Siliciumdioxide is overeenkomstig artikel 11, lid 2, van Richtlijn 98/8/EG beoordeeld voor gebruik in productsoort 18 (insecticiden, acariciden en producten voor de bestrijding van andere geleedpotigen), zoals gedefinieerd in bijlage V bij die richtlijn, wat overeenstemt met productsoort 18 zoals gedefinieerd in bijlage V bij Verordening (EU) nr. 528/2012.

(3)

Op basis van de voor de beoordeling ingediende gegevens konden slechts conclusies worden getrokken voor een bepaalde vorm van siliciumdioxide, d.w.z. synthetisch amorf siliciumdioxide, beschreven als bevochtigde silica (CAS-nr. 112926-00-8). De beoordeling liet niet toe dat er conclusies werden getrokken met betrekking tot enige andere stof die beantwoordt aan de definitie van siliciumdioxide (CAS-nr. 7631-86-9) in de hierboven genoemde lijst van werkzame stoffen van Verordening (EG) nr. 1451/2007. Bijgevolg mag de goedkeuring alleen betrekking hebben op synthetisch amorf siliciumdioxide.

(4)

Frankrijk is als rapporterende lidstaat aangewezen en heeft het verslag van de bevoegde instantie samen met een aanbeveling overeenkomstig artikel 14, leden 4 en 6, van Verordening (EG) nr. 1451/2007 op 16 april 2009 bij de Commissie ingediend.

(5)

Het verslag van de bevoegde instantie is door de lidstaten en de Commissie getoetst.
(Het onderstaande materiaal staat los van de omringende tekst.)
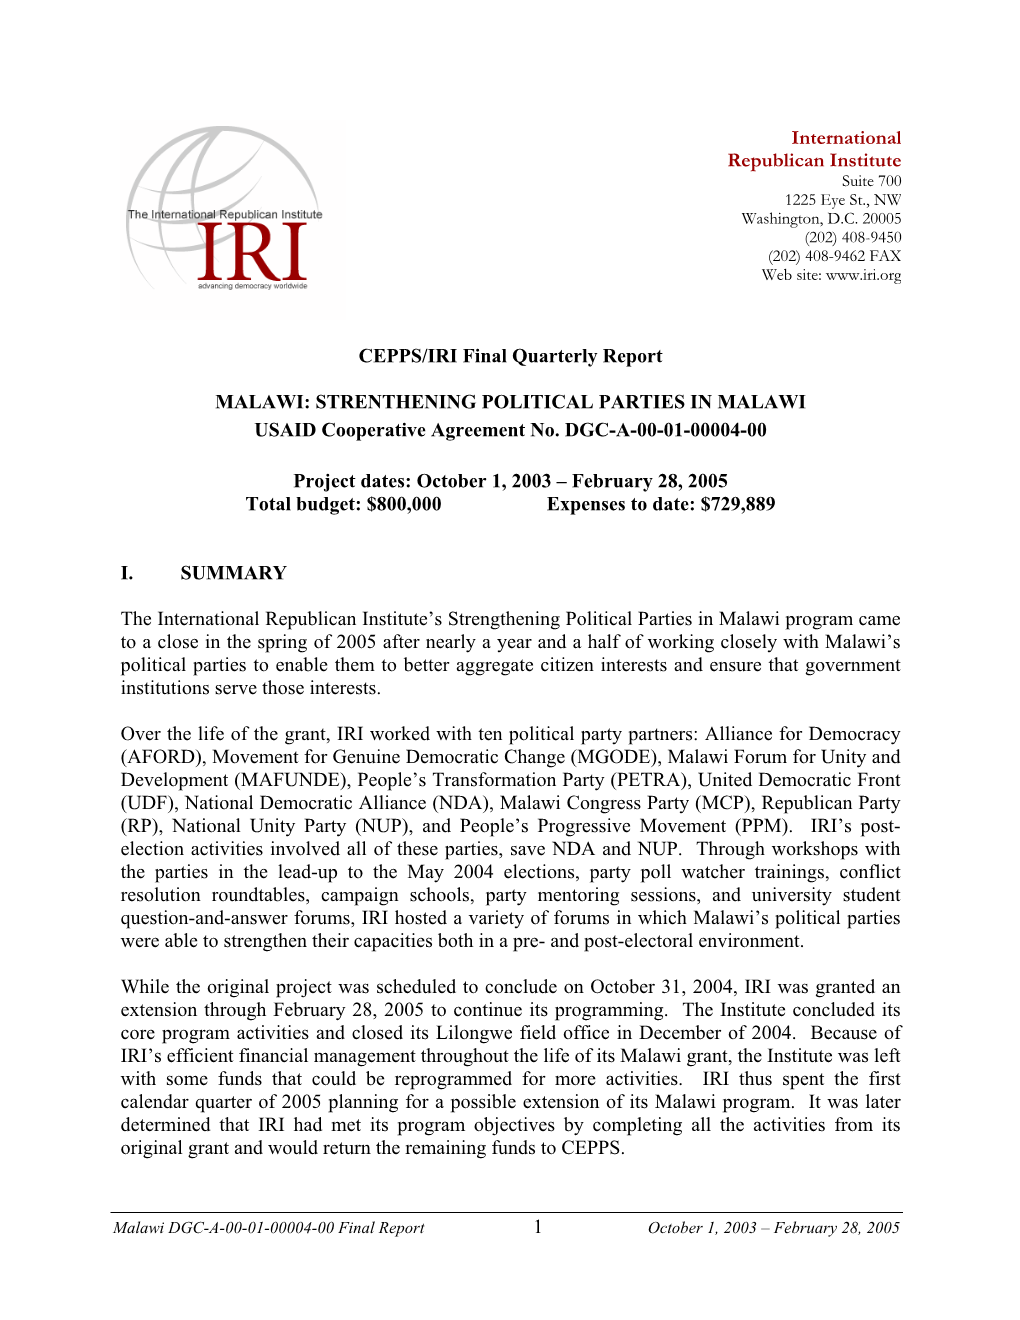 1 CEPPS/IRI Final Quarterly Report MALAWI: STRENTHENING POLITICAL PARTIES in MALAWI USAID Cooperative Agreement No. DGC-A-00-01
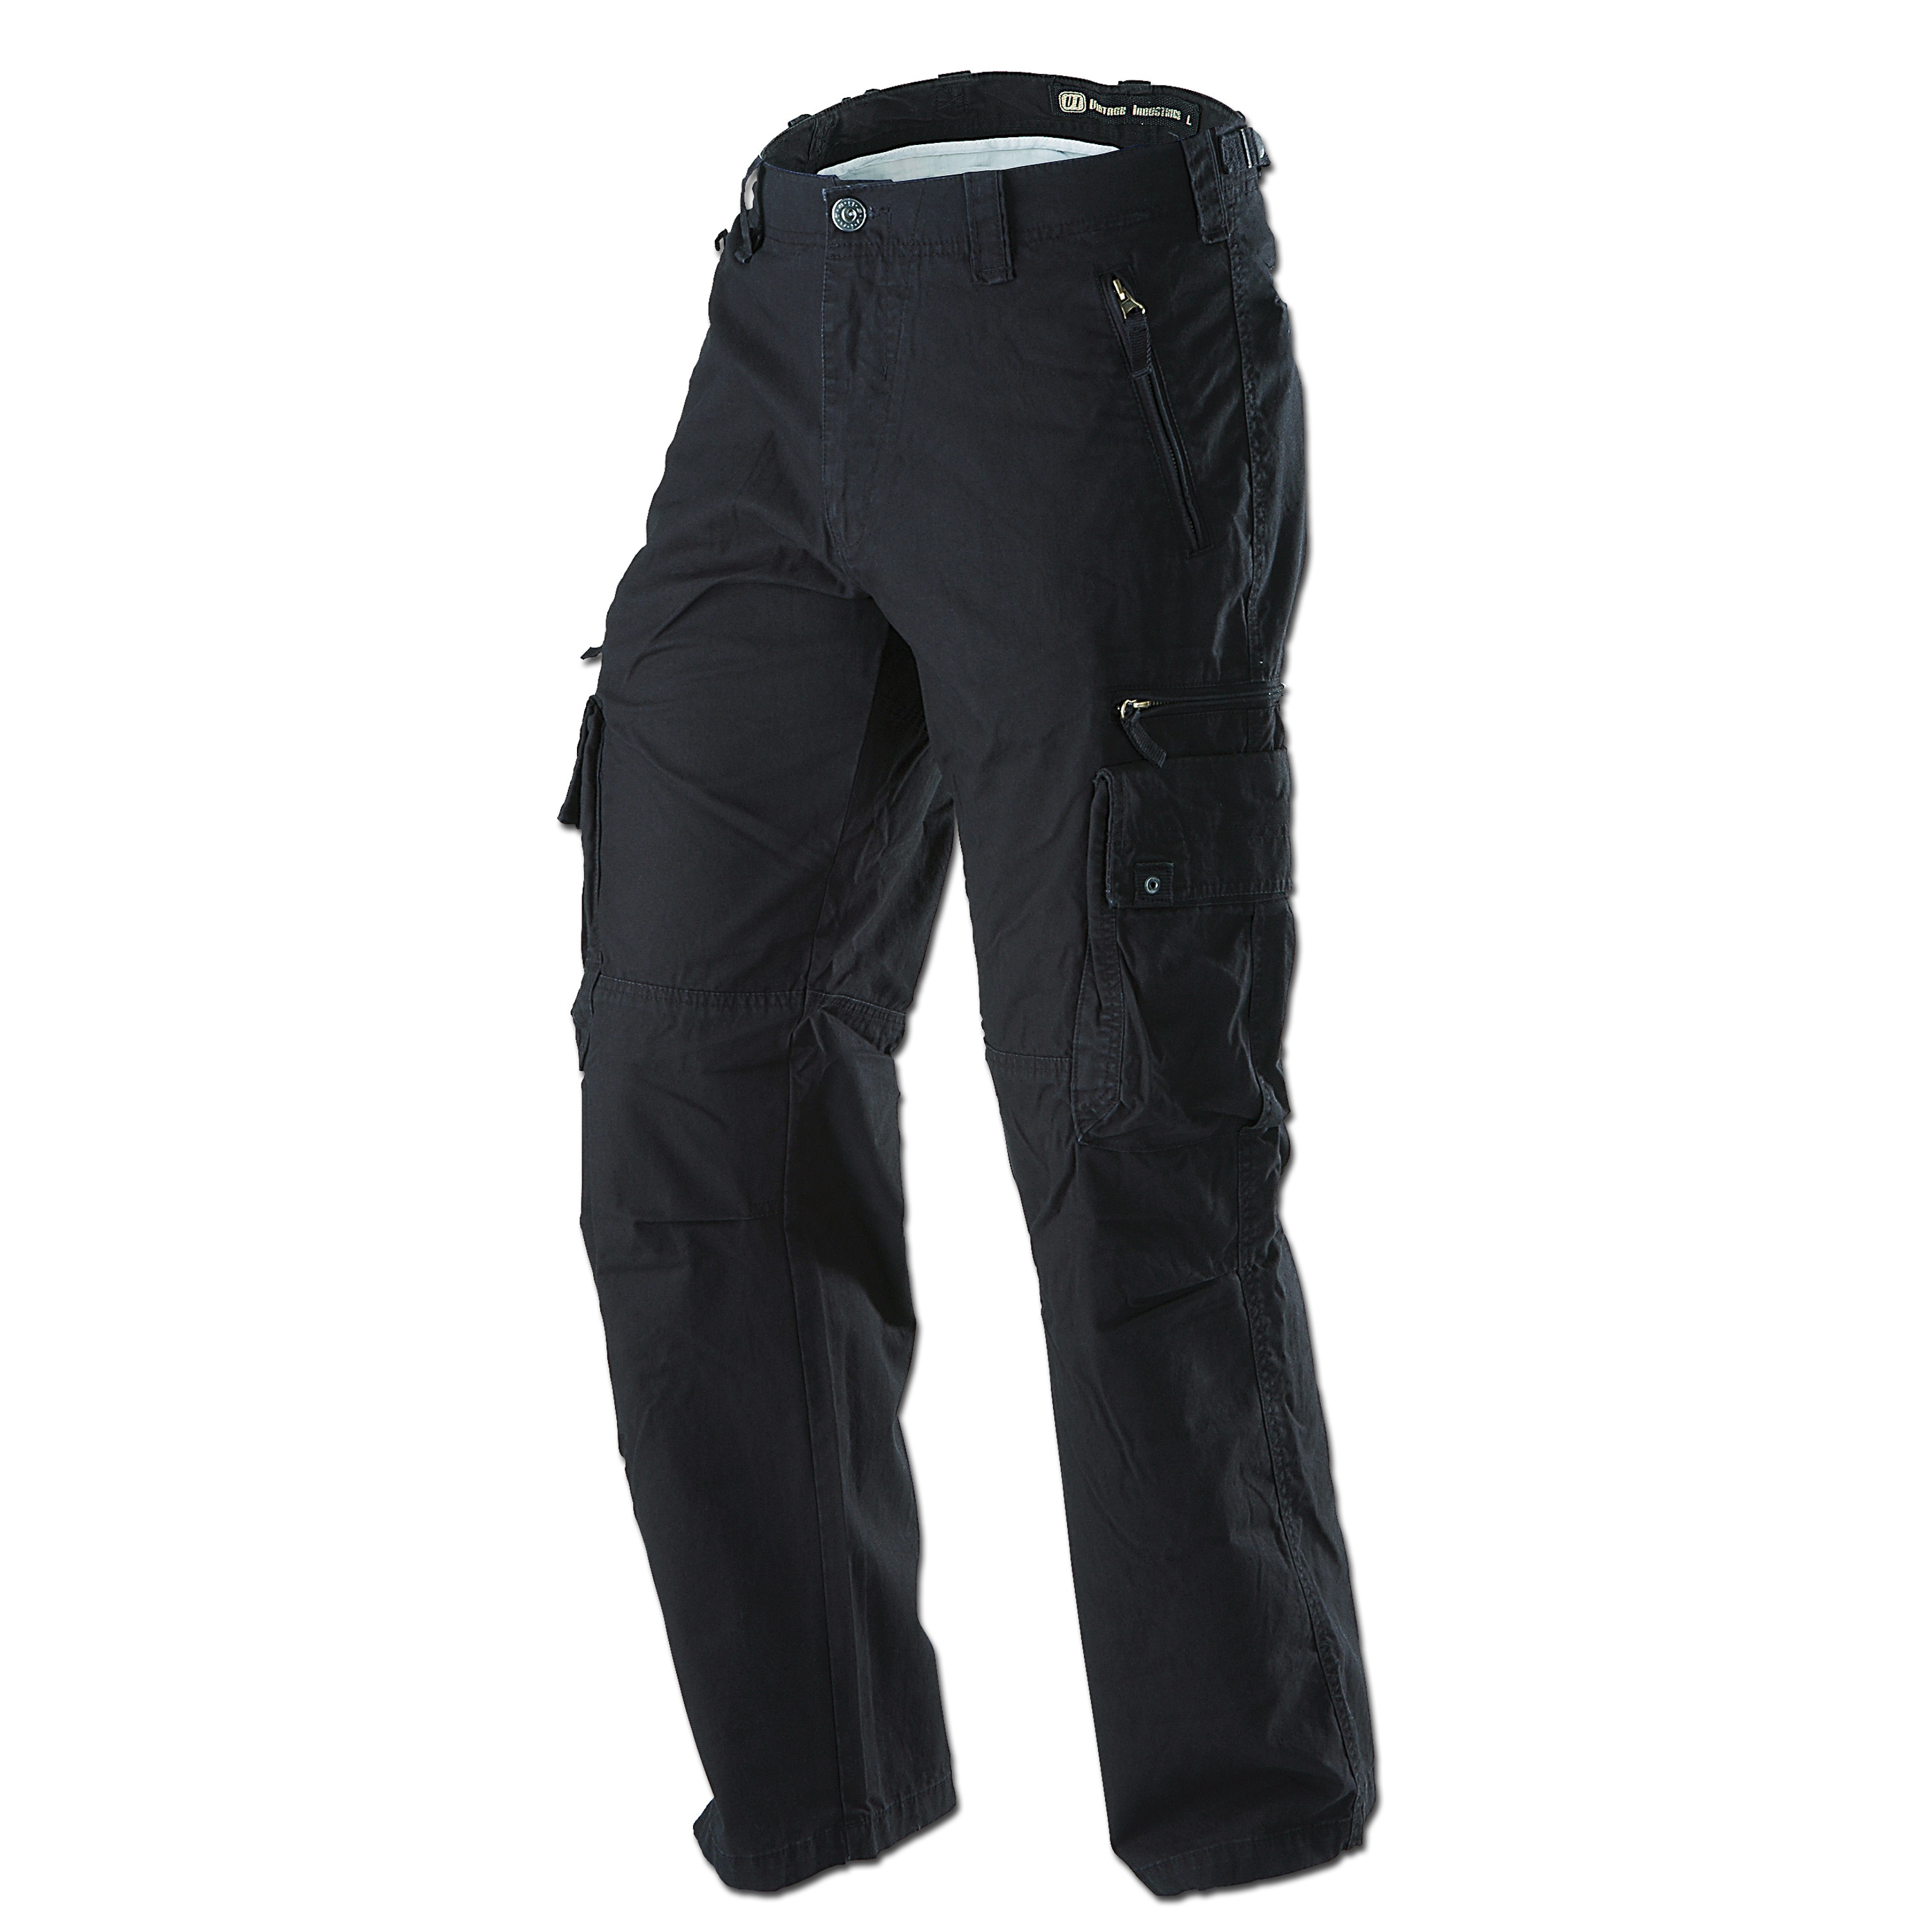 Purchase the Vintage Industries Rico Pants black by ASMC

Overeenkomstig artikel 15, lid 4, van Verordening (EG) nr. 1451/2007 zijn de bevindingen van de toetsing opgenomen in een beoordelingsverslag dat op 13 maart 2014 door het Permanent Comité voor biociden is onderzocht.

(6)

Volgens dat beoordelingsverslag mag worden aangenomen dat biociden die voor productsoort 18 worden gebruikt en synthetisch amorf siliciumdioxide bevatten, voldoen aan de eisen van artikel 5 van Richtlijn 98/8/EG, mits bepaalde specificaties en voorwaarden betreffende het gebruik ervan in acht worden genomen.

(7)

Daarom is het passend synthetisch amorf siliciumdioxide goed te keuren voor gebruik in biociden voor productsoort 18 op voorwaarde dat aan die specificaties en voorwaarden wordt voldaan.

(8)

Aangezien synthetisch amorf siliciumdioxide zoals het geëvalueerd is, een nanomateriaal is, moet de goedkeuring betrekking hebben op dergelijke nanomaterialen op grond van artikel 4, lid 4, van Verordening (EU) nr. 528/2012 mits aan bepaalde specificaties en voorwaarden voor het gebruik ervan wordt voldaan.

(9)

Er dient een redelijke periode te verstrijken voordat een werkzame stof wordt goedgekeurd, teneinde de belanghebbende partijen in staat te stellen de nodige voorbereidende maatregelen te nemen om aan de vastgestelde nieuwe eisen te voldoen.

(10)

De in deze verordening vervatte maatregelen zijn in overeenstemming met het advies van het Permanent Comité voor biociden,

HEEFT DE VOLGENDE VERORDENING VASTGESTELD:

Artikel 1

Synthetisch amorf siliciumdioxide wordt goedgekeurd als werkzame stof voor gebruik in biociden voor productsoort 18, mits de in de bijlage vastgestelde specificaties en voorwaarden in acht worden genomen.

Artikel 2

Deze verordening treedt in werking op de twintigste dag na die van de bekendmaking ervan in het Publicatieblad van de Europese Unie.

Deze verordening is verbindend in al haar onderdelen en is rechtstreeks toepasselijk in elke lidstaat.

Gedaan te Brussel, 23 april 2014.

Voor de Commissie

De voorzitter

José Manuel BARROSO


(1)  PB L 167 van 27.6.2012, blz. 1.

(2)  Verordening (EG) nr. 1451/2007 van de Commissie van 4 december 2007 betreffende de tweede fase van het in artikel 16, lid 2, van Richtlijn 98/8/EG van het Europees Parlement en de Raad betreffende het op de markt brengen van biociden bedoelde tienjarige werkprogramma (PB L 325 van 11.12.2007, blz. 3).

(3)  Richtlijn 98/8/EG van het Europees Parlement en de Raad van 16 februari 1998 betreffende het op de markt brengen van biociden (PB L 123 van 24.4.1998, blz. 1).


BIJLAGE

Gewone naam

IUPAC-benaming

Identificatienummers

Minimale zuiverheidsgraad van de werkzame stof (1)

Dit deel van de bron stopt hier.